# Doc2Vec Process

We divide this process into three steps:

- **Doc2Vec Model Trainng**: Using contracts, we train a doc2vec model to turn contract sentences into representations.

- **Processing a New Contract**: Given the doc2vec model, we start the process in a new contract.

    - Norm Extraction: First, we extract the norms from the new contract;
    - Then, we create a representation for each norm using the doc2vec model.
    
- **Conflict Identification**: Using the norm representations, we can have two different paths to follow:

    - T-SNE: Manual identification of modal verbs. (Experimental)
    - Norm Comparisons: Compare norms and find the most similar among them based on a threshold.

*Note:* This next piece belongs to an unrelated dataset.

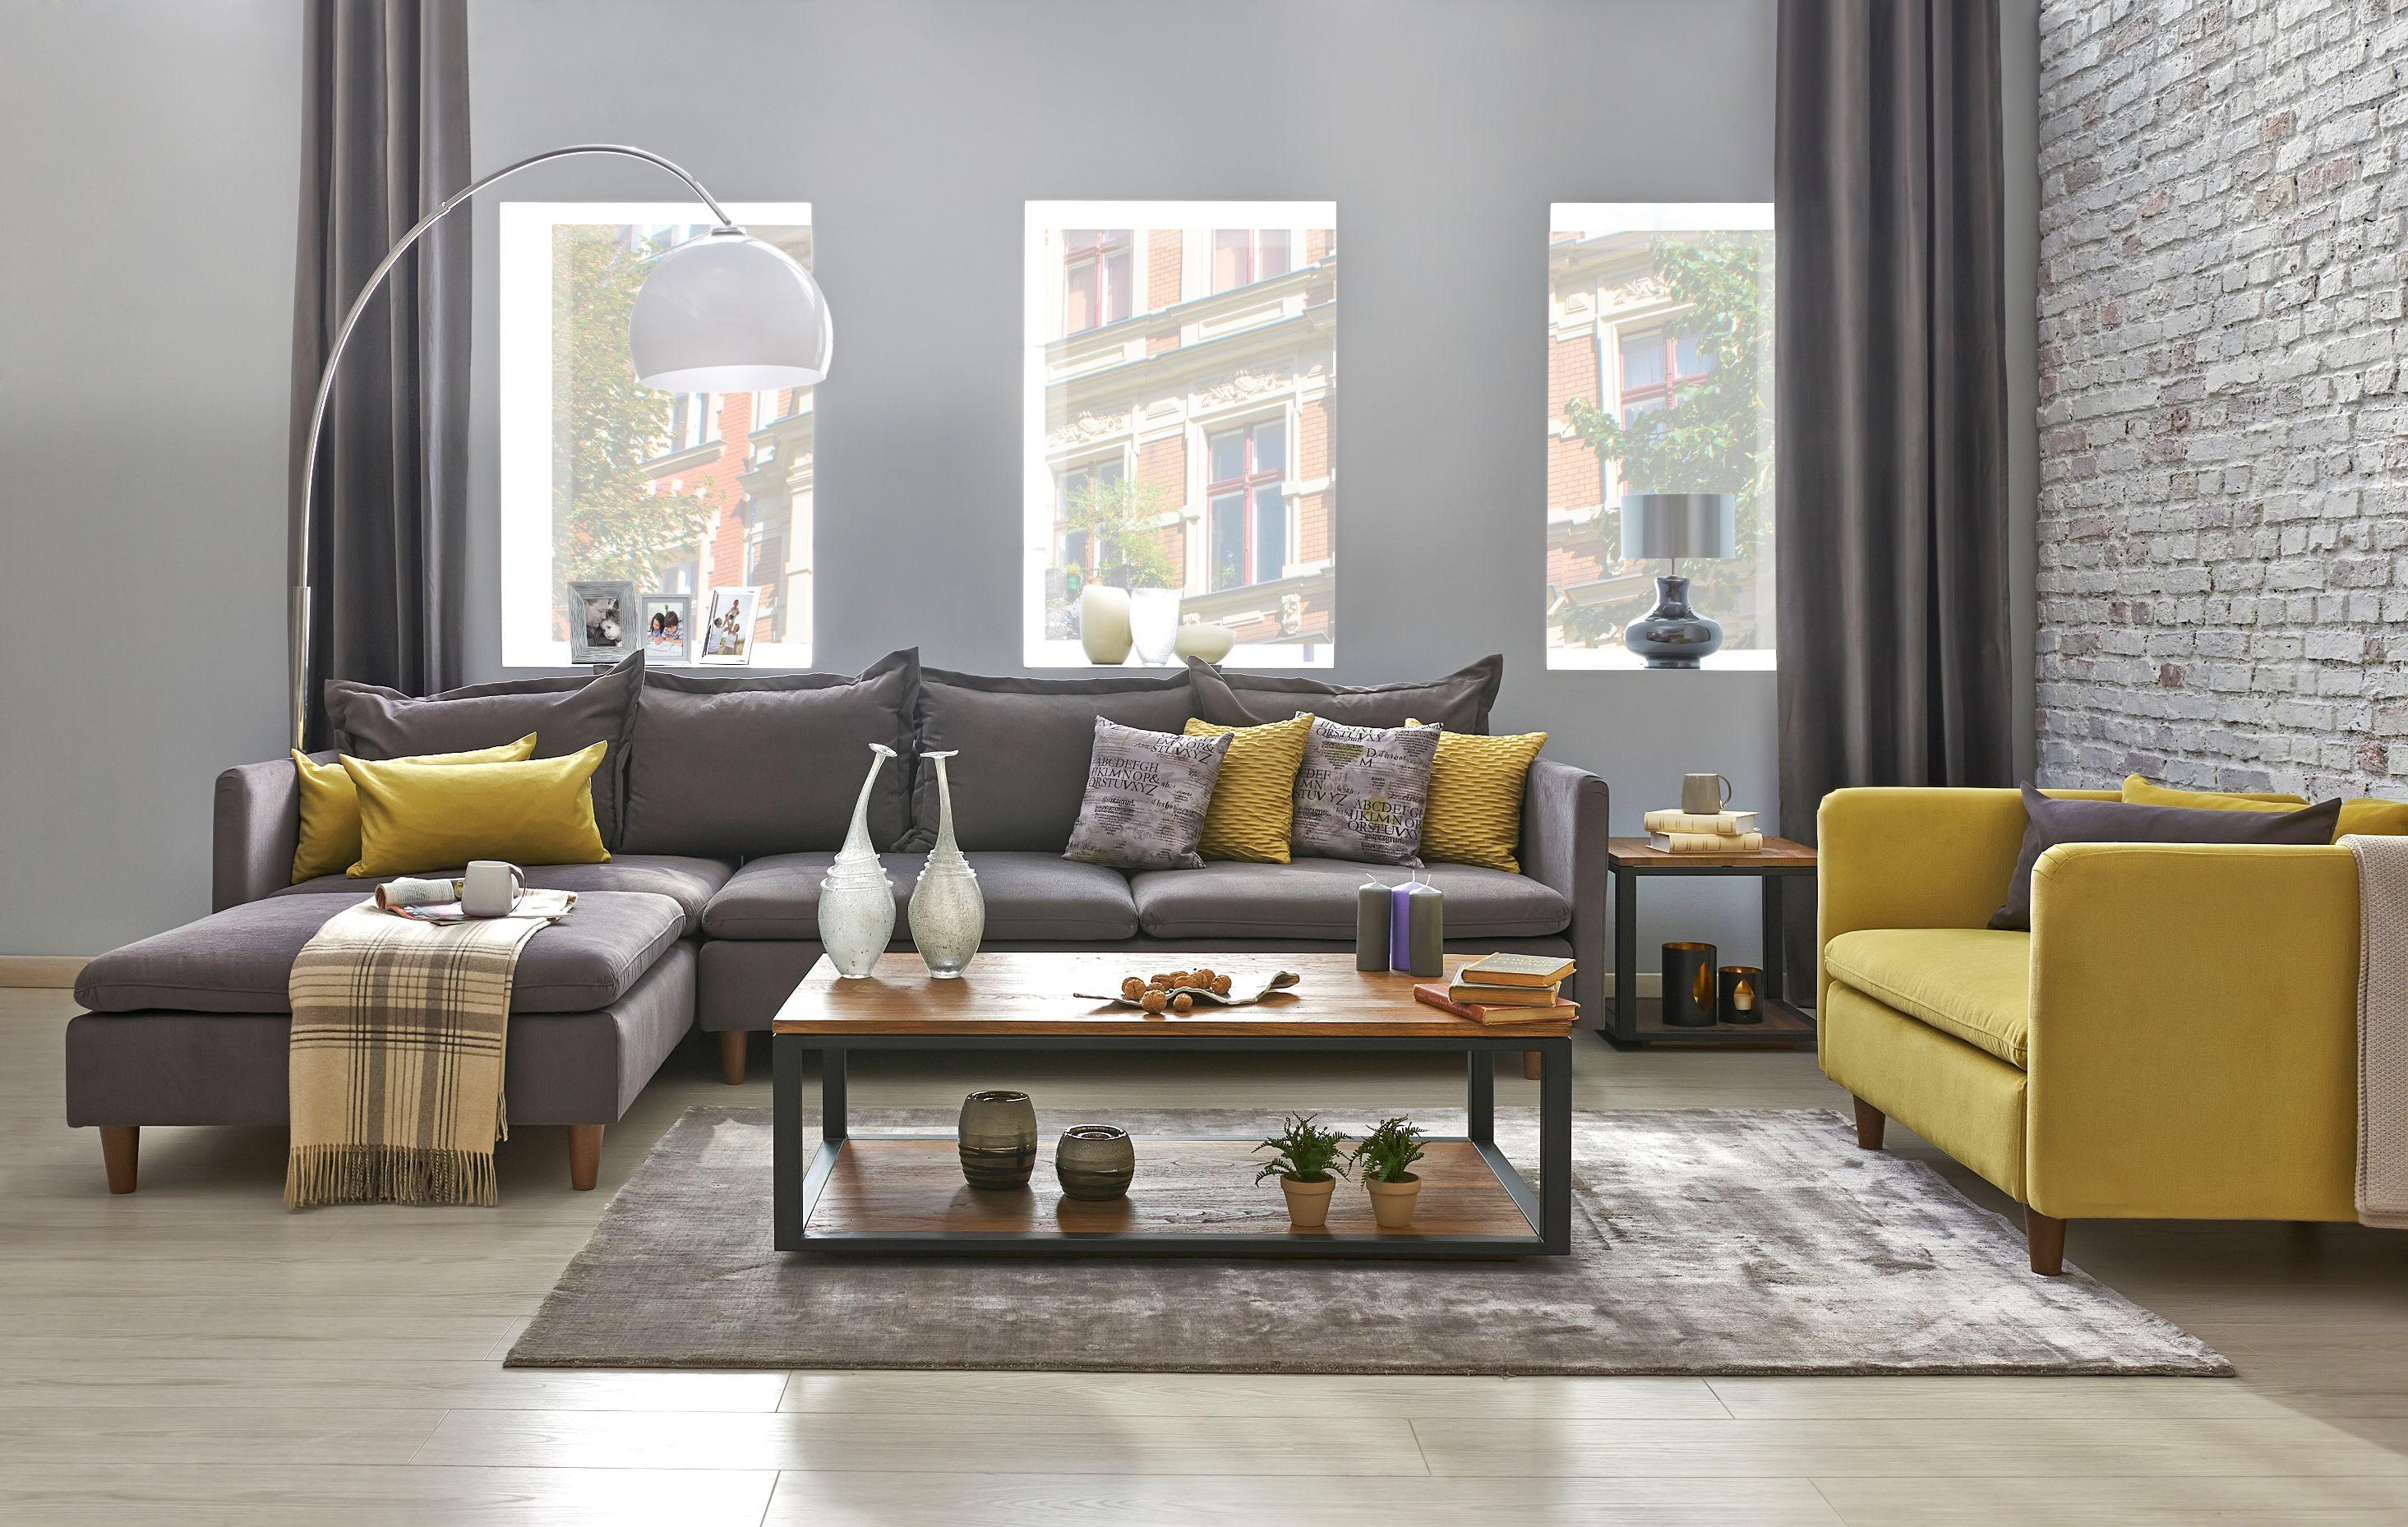 Tepe Home Koltuk Takimi 2015 2016 Modelleri 3 Oturma Odasi Dekorasyonu Oturma Odasi Tasarimlari Oturma Odasi Fikirleri
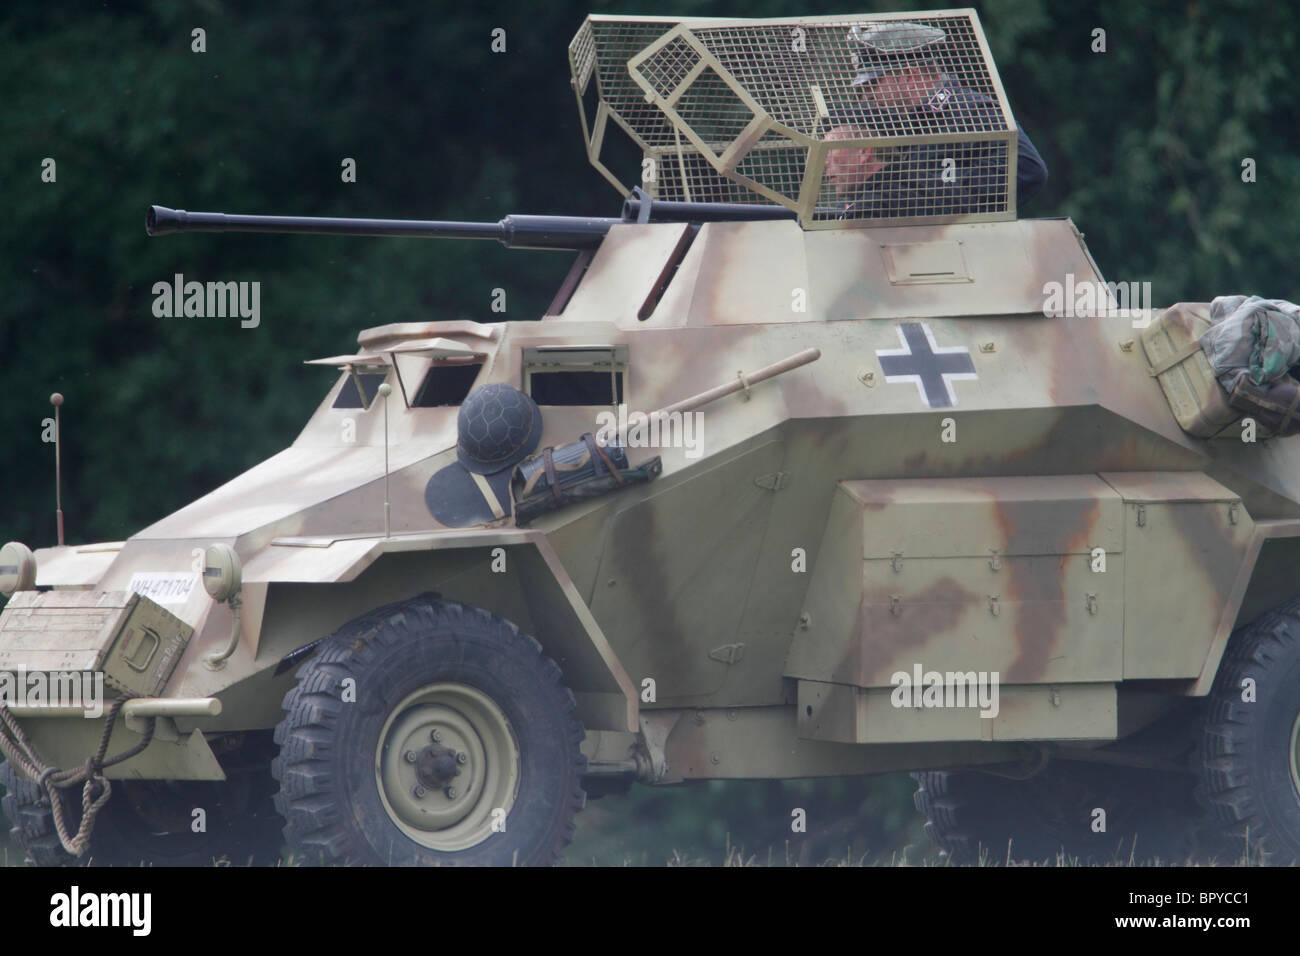 WWII re-enactment. A German Sd.Kfz. 223 Light armoured car Festival of History 2010, Kelmarsh Hall, Northamptonshire. - Stock Image

### Doc2Vec Model Training

In [1]:
# -*- coding:utf-8 -*-
import os
import sys
import pickle
import argparse
import logging
from random import shuffle
from convert_to_sentences import convert_to_sentences
from time import gmtime, strftime
from gensim.models import Doc2Vec
from gensim.models.doc2vec import TaggedDocument
from sentence_classifier.sentence_classifier import SentenceClassifier

Using TensorFlow backend.


In [17]:
# CONSTANTS.
TRAIN = True
TRAIN_PATH = 'dataset/manufact_cntrcs.txt'
PREPROCESS = False
TEST = False
TEST_PATH = False
MODEL = False
MODEL_PATH = False

In [2]:
# Set argparse.
parser = argparse.ArgumentParser(description='Convert sentences and paragraphs into a dense representation.')

# Set logger.
logger = logging.getLogger(__name__)
logger.setLevel(logging.INFO)

formatter = logging.Formatter('%(asctime)s:%(levelname)s:%(message)s')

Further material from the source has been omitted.